Selama ini konstruksi jalan beton dilakukan dengan konstruksi beton secara manual. Di Sidoarjo telah dilakukan uji coba penggunaan konstruksi jalan beton pracetak, untuk meminimalisasi kekurangan pada konstruksi jalan beton manual.

Apa untungnya? Ruas jalan Kemangsen di kecamatan Krian Kabupaten Sidoarjo dengan panjang 1.100 m lebar perkerasan 7 m, merupakan jalan kabupaten yang memiliki konstruksi aspal yang sudah beberapa kali dilakukan pelapisan ulang (overlay).

Struktur tanahnya lembek, elevasi rendah sehingga sering tergenang pada musim hujan. Volume lalu lintas cukup tinggi dengan dominasi kendaraan berat.

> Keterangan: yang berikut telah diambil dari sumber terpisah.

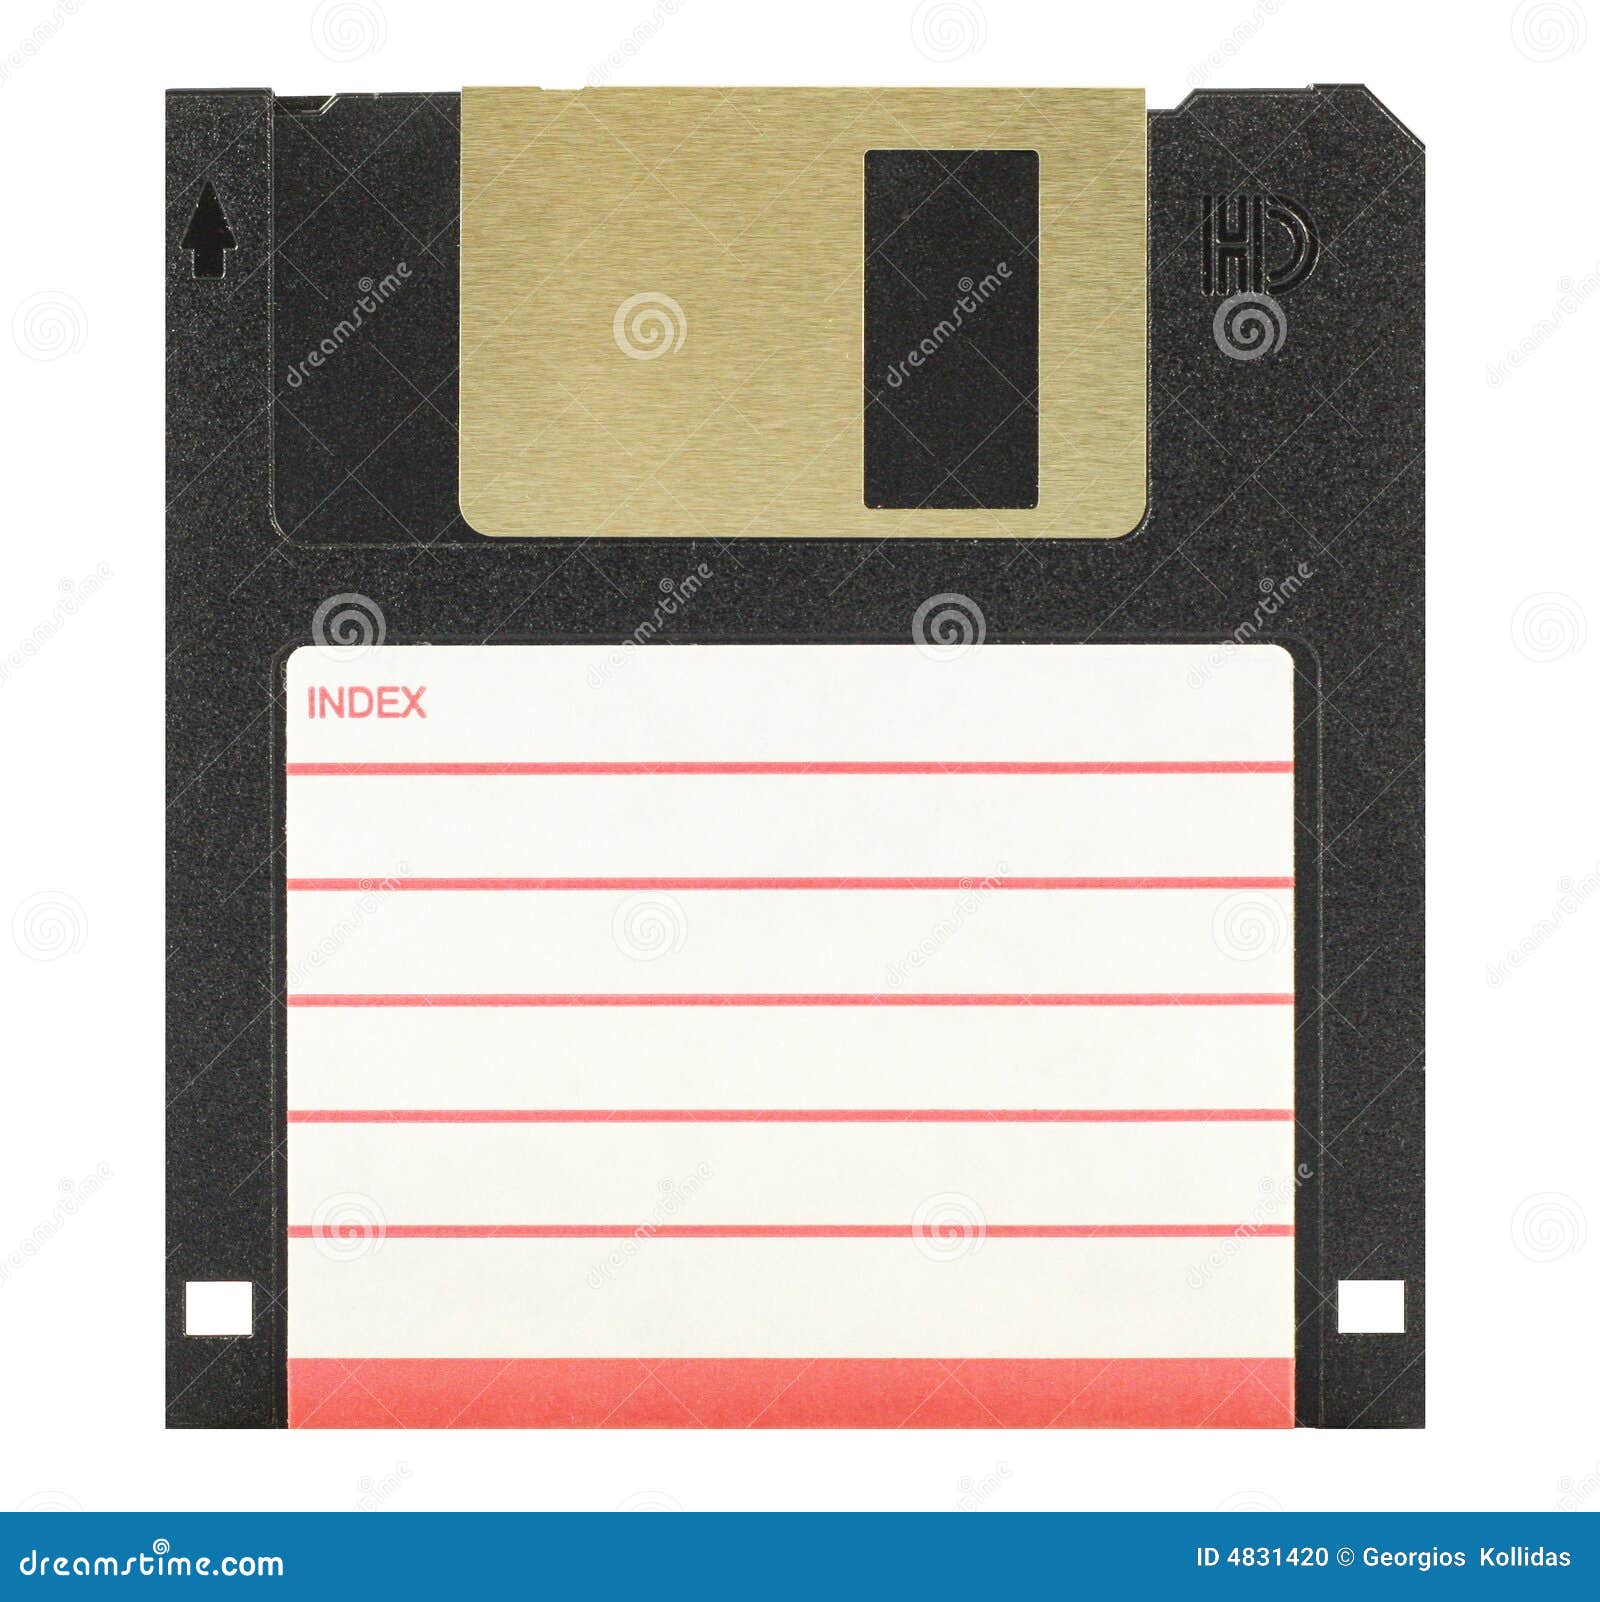 3.5'' inch floppy disk

Hampir setiap tahun dilakukan penanganan di ruas jalan ini, baik dengan pemeliharaan maupun peningkatan. Namun ruas jalan ini sering menjadi sorotan masyarakat. Seolah-olah ruas jalan ini tidak pernah ditangani.

Setelah beberapa kali diskusi dengan berbagai pihak yang kompeten dalam konstruksi jalan beton, muncul solusi dengan menggunakan konstruksi jalan beton pracetak (precast rigid pavement). Konstruksi jalan beton pracetak dibuat dengan menggunakan rangka beton berbentuk lembaran yang dirangkai sedemikian sehingga memiliki ikatan yang kuat.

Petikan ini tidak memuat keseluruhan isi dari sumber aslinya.